Crise des musulmans rohingyas: la situation côté birman

Des réfugiés rohingyas au Bangladesh (Archives)

Près de 400.000 musulmans rohingyas ont fui la Birmanie vers le Bangladesh. Trois semaines après les attaques de la rébellion rohingya contre les forces de l'ordre birmanes, étincelle ayant mis le feu aux poudres, quelle est la situation côté birman ?

- Qui vit dans cette région de l'ouest de la Birmanie ?

Selon le recensement de 2015 en Birmanie, plus de trois millions de personnes vivaient en Etat Rakhine, région frontalière du Bangladesh.

Sur ces trois millions, un million n'avait alors "pas pu être recensé", souligne le rapport du recensement, au motif qu'ils faisaient "partie d'une communauté" non reconnue par le gouvernement.

Il s'agissait donc des Rohingyas, appelés "Bangladais" en Birmanie et considérés comme des immigrés illégaux du Bangladesh et privés de droits.

Ils étaient jusqu'ici majoritaires dans les districts nord de la région, les plus proches de la frontière avec le Bangladesh, épicentre des troubles actuels.

Ainsi, selon le gouvernement birman, dans le seul district de Maungdaw, les musulmans étaient plus de 750.000, contre moins de 80.000 pour les "autres ethnies", bouddhistes notamment.

Par ailleurs, quelque 120.000 Rohingyas vivent dans des camps de déplacés plus au sud, près de Sittwe, la grande ville de la région.

Aujourd'hui, avec près de 400.000 Rohingyas partis au Bangladesh depuis le 25 août, selon les estimations a minima de l'ONU, c'est près de la moitié du million de Rohingyas de Birmanie qui aurait quitté le territoire.

Cette dernière vague d'exil, la plus impressionnante dans l'histoire de cette crise, s'ajoute à de précédentes vagues de migrations.

- Quelles sont les destructions?

Aujourd'hui, près de 40% des villages rohingyas du nord de l'Etat Rakhine sont abandonnés, selon Zaw Htay, le porte-parole du gouvernement.

"Il y a 176 villages (sur un ensemble de 471 villages rohingyas) d'où l'ensemble de la population est partie", estimait-il mercredi soir.

Des milliers de Rohingyas pourraient se trouver coincés côté birman, selon l'ONU. Une information très difficile à vérifier, la zone de conflit étant bouclée par l'armée birmane.

Sur la base d'images satellites, Amnesty assure avoir pu identifier 80 incendies d'ampleur dans la région depuis le 25 août.
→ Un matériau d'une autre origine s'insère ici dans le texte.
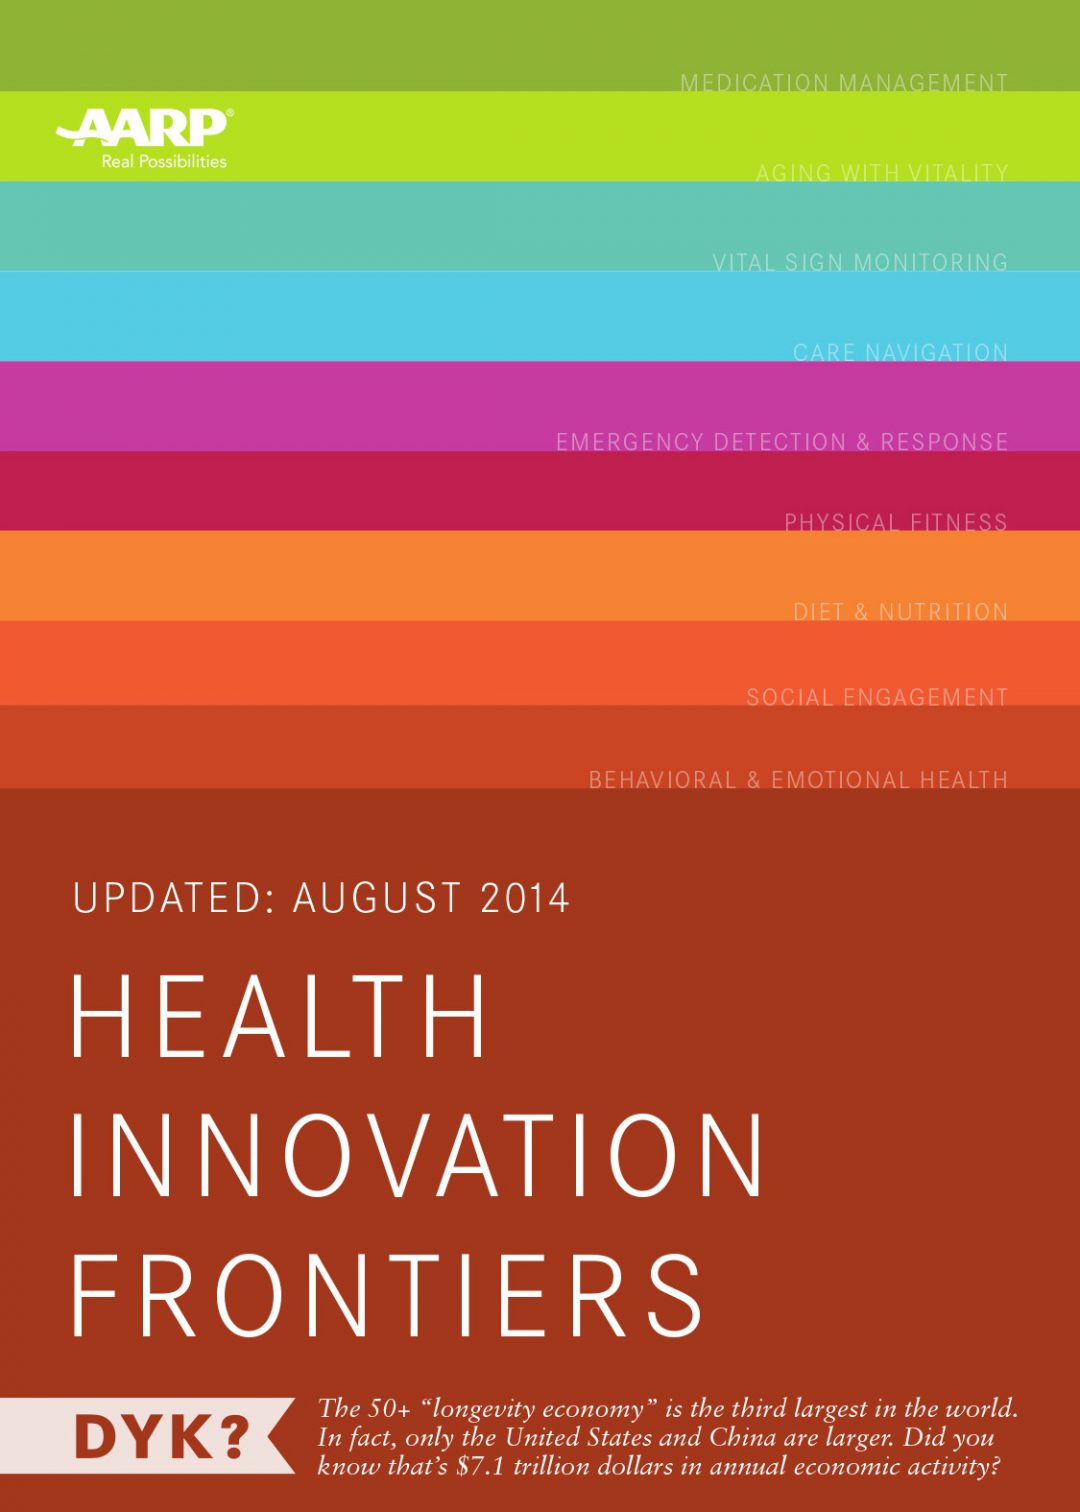 Cover design from the Health Innovation Frontiers report
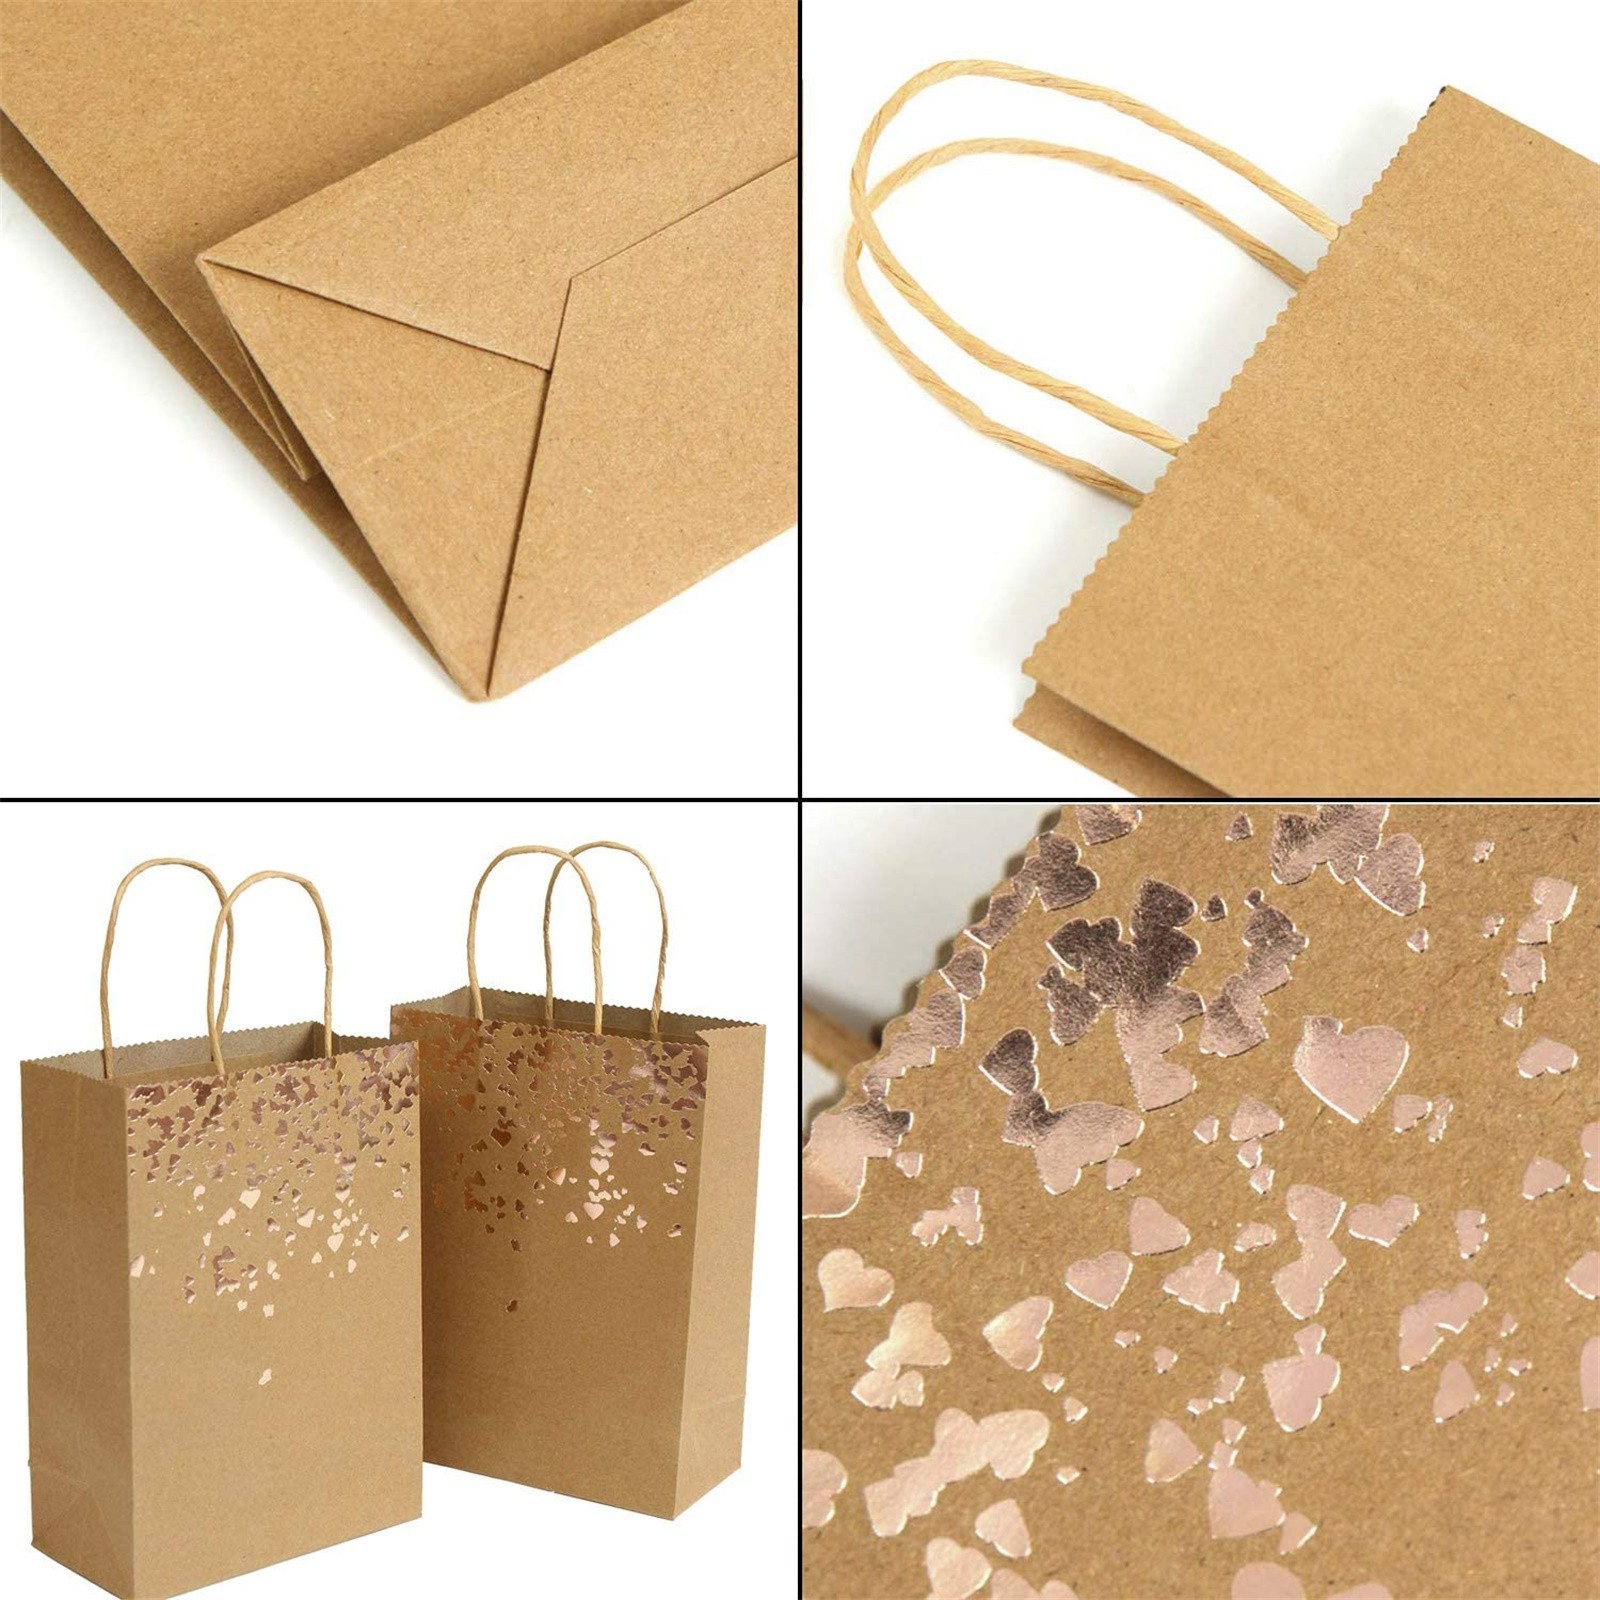 20pcs Heart-shaped Kraft Paper Bag with Handles Solid Color Gift Packing Bags for Store Clothes Wedding Party Supplies Handbags

L'ONG dénonce une "campagne planifiée" visant les villages rohingyas du nord. Certains incendies se voyaient encore jeudi depuis le Bangladesh, où la presse peut accéder librement, contrairement à la Birmanie.

Une journaliste de l'AFP ayant pu accéder à la région de Maungdaw, lors d'un voyage organisé par les autorités birmanes, a vu ces villages fantômes réduits en cendres.

- Un retour est-il possible ?

Le gouvernement birman met en garde depuis le début de la crise ceux qui quittent le pays.

"Certains sont passés de l'autre côté de la frontière. S'ils veulent revenir, nous ne pourrons pas tous les accepter", a affirmé le porte-parole du gouvernement, précisant que les candidats au retour seraient "passés à la loupe".

Pour beaucoup de réfugiés interrogés par l'AFP, souvent de petits paysans, le retour semble de toute façon bien compromis car outre la haine entre les communautés, ils ont souvent tout perdu.

L'armée birmane est accusée d'avoir incendié les villages rohingyas, en représailles des attaques rebelles, pour se débarrasser de cette encombrante minorité, considérée en Birmanie comme une menace pour l'identité bouddhiste du pays.

Les autres communautés vivant en Etat Rakhine, Hindous et Bouddhistes, ont aussi fui leurs villages, vers d'autres régions de Birmanie. Ils sont 30.000 dans ce cas, mais ils commencent à regagner leurs villages, assurent les autorités.